Increase the number of cluster \(c =c+1,\) set initial value of new centroid \({v_c},\) go to step 3.

We can get the optimal membership matrix U when the algorithm is finished. Then, we can get the final segmentation image.

3.2 Automatic modified FCM algorithm

3.2.1 The spatial feature of pixel

One of the important characteristics of an image is that neighboring pixels are highly correlated. In other words, these neighboring pixels possess similar feature values, as we can know that they should be the close membership value according to the amended membership function and the probability that they belong to the same cluster is great. This spatial relationship is important in clustering, but it is not utilized in a standard FCM algorithm. All samples are used as dispersive points when using the standard FCM algorithm to cluster. So the standard FCM algorithm is sensitive to noise. To exploit the spatial information, a spatial function is defined as

$$ {h_{ij}} = {\frac{\sum\nolimits_{t \in {\Upomega _j}} {{u_{it}}{\beta _t}} } {\sum\nolimits_{k = 1}^c {\sum\nolimits_{t \in {\Upomega _j}} {{u_{kt}}{\beta _t}} } }} $$

(10)

where \({\Upomega _j}\) represents a square window centered on pixel \({x_j}\) in the spatial domain. A \(3 \times 3\) window was used in this paper. Just like the membership function, the spatial function \({h_{ij}}\) represents the probability that pixel \({x_j}\) belongs to ith clustering. The spatial function is the largest if all of its neighborhood pixels belong to ith clustering, and is the smallest if none of its neighborhood pixels belong to ith clustering. In the spatial function, c is the number of desired clusters, \({\beta _t}\) is the contribution factor of the neighbor \({x_t},\) and the weight \({u_{it}}\) is the membership of the pattern \({x_t}\) to the ith clustering. The factor \({\beta _t}\) represents the contribution of the neighbor \({x_t }\)’s membership to the overall spatial dissimilarity. Generally, the nearer the neighbor is, the stronger the interaction becomes, and the bigger the contribution will be. Consequently, for each neighbor \({x_t}(t \in {\Upomega _j}), {\beta _t}\) is a non-increasing function of the distance between sites j and t, and is defined as follow:

$$ {\beta _t} = {\frac{1} {1 + \exp (\theta \left\| {j - t} \right\|)}} $$

(11)

where the coefficient \(\theta\) determines how fast the interaction between two sites diminished with the increasing of the distance of them. A small \(\theta\) leads to a similar contribution of different neighbors; whereas a big \(\theta\) makes the spatial dissimilarity highly depend on those adjacent neighbors. In this paper, \(\theta\) is empirically set to 0.6.

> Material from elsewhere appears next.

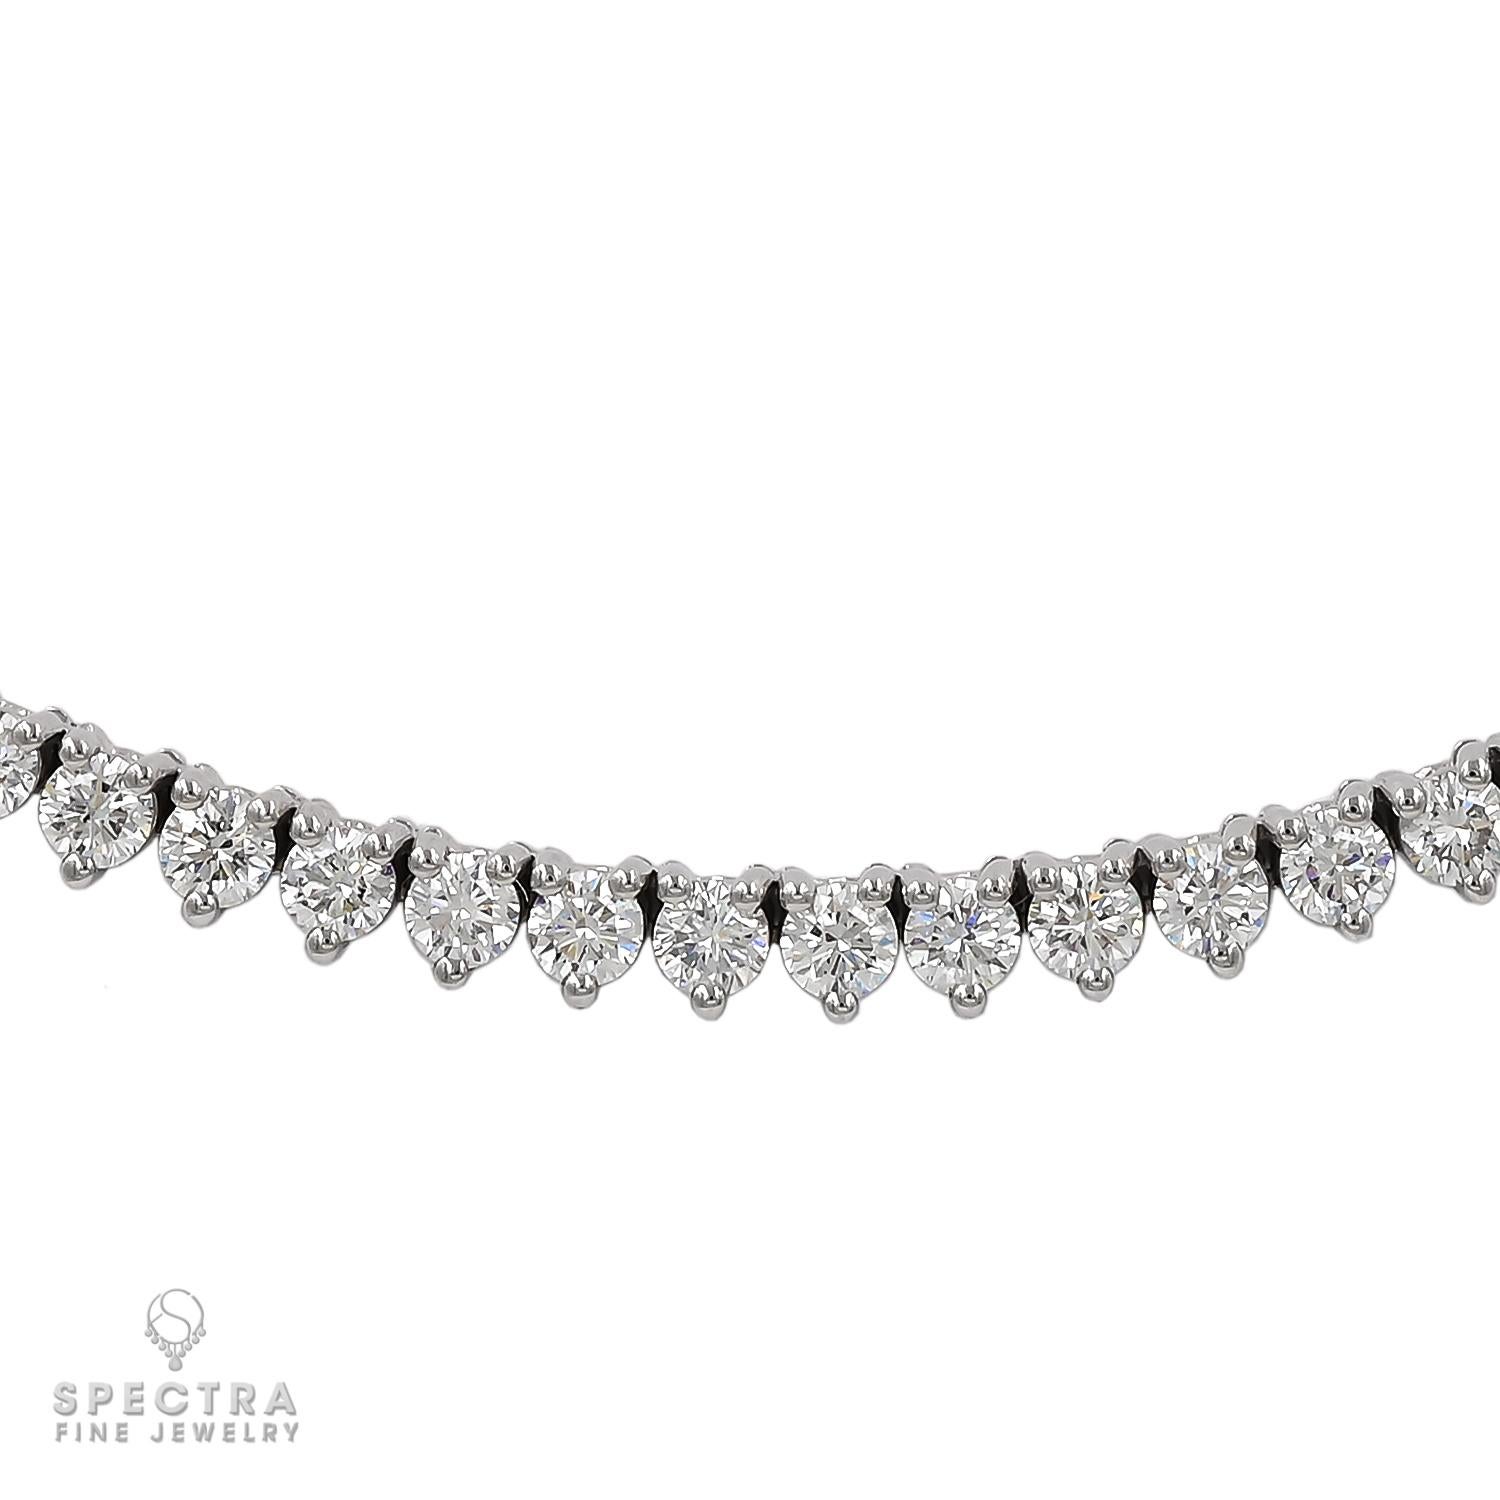 Gönnen Sie sich den ultimativen Luxus mit dieser exquisiten 7,89 Karat runden Diamant-Tennis-Halskette aus 18 Karat Weißgold. Jedes Detail dieses atemberaubenden Stücks zeugt von Eleganz und Raffinesse.

Mit 135 runden Diamanten im Brillantschliff

3.2.2 Automatic modified FCM algorithm

With the spatial feature of pixel, the modified membership of the current pixel is defined as follows:

$$ u_{ij}^* = {\frac{{u_{ij}}{h_{ij}}} {\sum\nolimits_{k = 1}^c {{u_{kj}}{h_{kj}}} }} $$

(12)

the new cluster center is represented as follows:

$$ v_i^* = {\frac{\sum\nolimits_{j = 1}^n {{{(u_{ij}^*)}^m}{x_j} }} {\sum\nolimits_{j = 1}^n {{(u_{ij}^*)}^m} }} $$

(13)

then the proposed automatic modified FCM algorithm can be summarized in the following step:

Step 1:

Get the number of clusters by AFCM algorithm.

Step 2:

Calculate the spatial function \({h_{ij}}\) and \({\beta _t}\) by using (10) and (11).

Step 3:

Update centroid \({V^{(l)}}\) by using (13).

Step 4:

Update the membership matrix \({U^{(l)}}\) by using Eq. 12.

Step 5:

If \(\left\| {{U^{(l)}} - {U^{(l + 1)}}} \right\| < \varepsilon\) then stop; otherwise, jump to step 2.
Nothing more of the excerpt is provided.